Смущенный Филипп увидел, что блузка Анжелины расстегнута и краешек кружева едва прикрывает округлую грудь с соском цвета граната. Анжелина быстро привела одежду в порядок. Лоб Филиппа был покрыт потом, внутри у него все горело. Он не осмеливался смотреть на Анжелину.
— Я грубиян, — вздохнул он. — Но вы такая красивая, такая нежная. Я больше не буду, клянусь вам!
— Тише! — улыбаясь, ответила она. — Не надо клясться в невозможном. Я сама виновата, что не оттолкнула вас сразу.
Волосы Анжелины немного растрепались, щеки покраснели, глаза горели. Она была неотразима. Филипп Кост обезумел от любви.
— Какая вы щедрая! Вы удостоили меня своей милостью! — сказал он. — Полагаю, надо возвращаться на вокзал.
Филипп, отодвинув занавеску, дважды ударил по стеклу перегородки, соседствующей с облучком:
— Поворачивайте назад!
Лошадь пошла шагом. Анжелина вытащила из сумочки часы.
— Половина десятого, — сказала она. — Мадемуазель де Беснак будет рада, что я вернусь в Арьеж вместе с ней.
— И что мы помирились, — добавил Филипп Кост. — Очаровательная старая дама!
— Я обязана ей своим воспитанием и образованием.

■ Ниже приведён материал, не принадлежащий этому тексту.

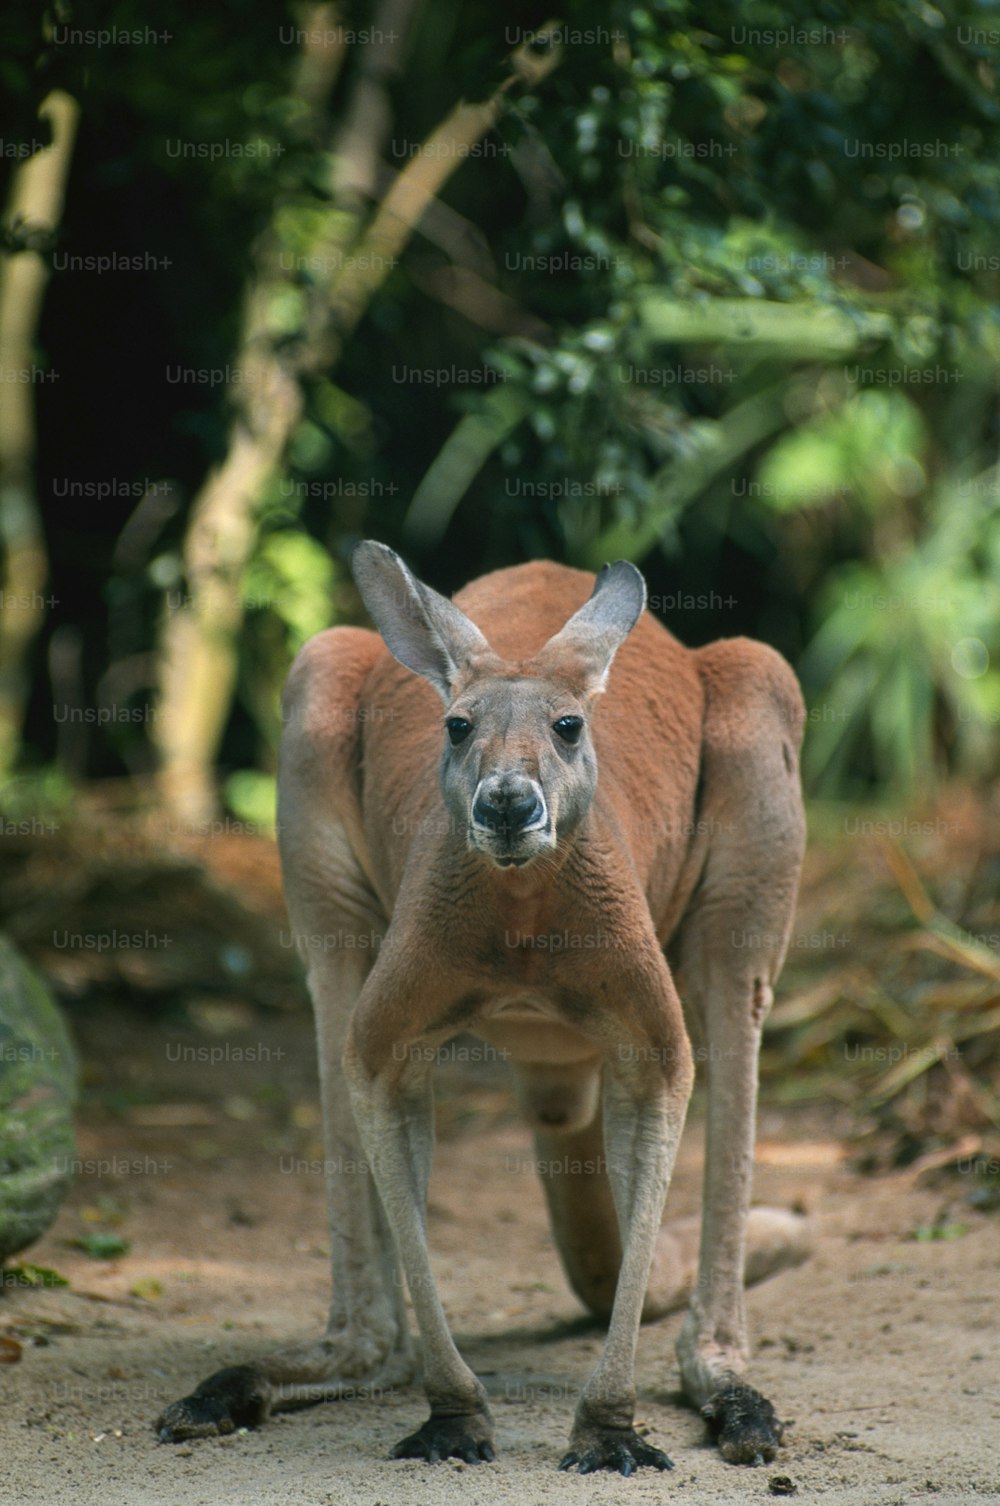 Gros plan d’un kangourou sur un chemin de terre

Она моя благодетельница.
Успокоившись, они завели непринужденную беседу. Доктор затронул тему, которая больше всего его беспокоила.
— Анжелина, дорогая, я намерен приехать к вам в июле, чтобы познакомиться с вашим отцом и официально попросить у него вашей руки. Мы могли бы отметить помолвку в Сен-Лизье.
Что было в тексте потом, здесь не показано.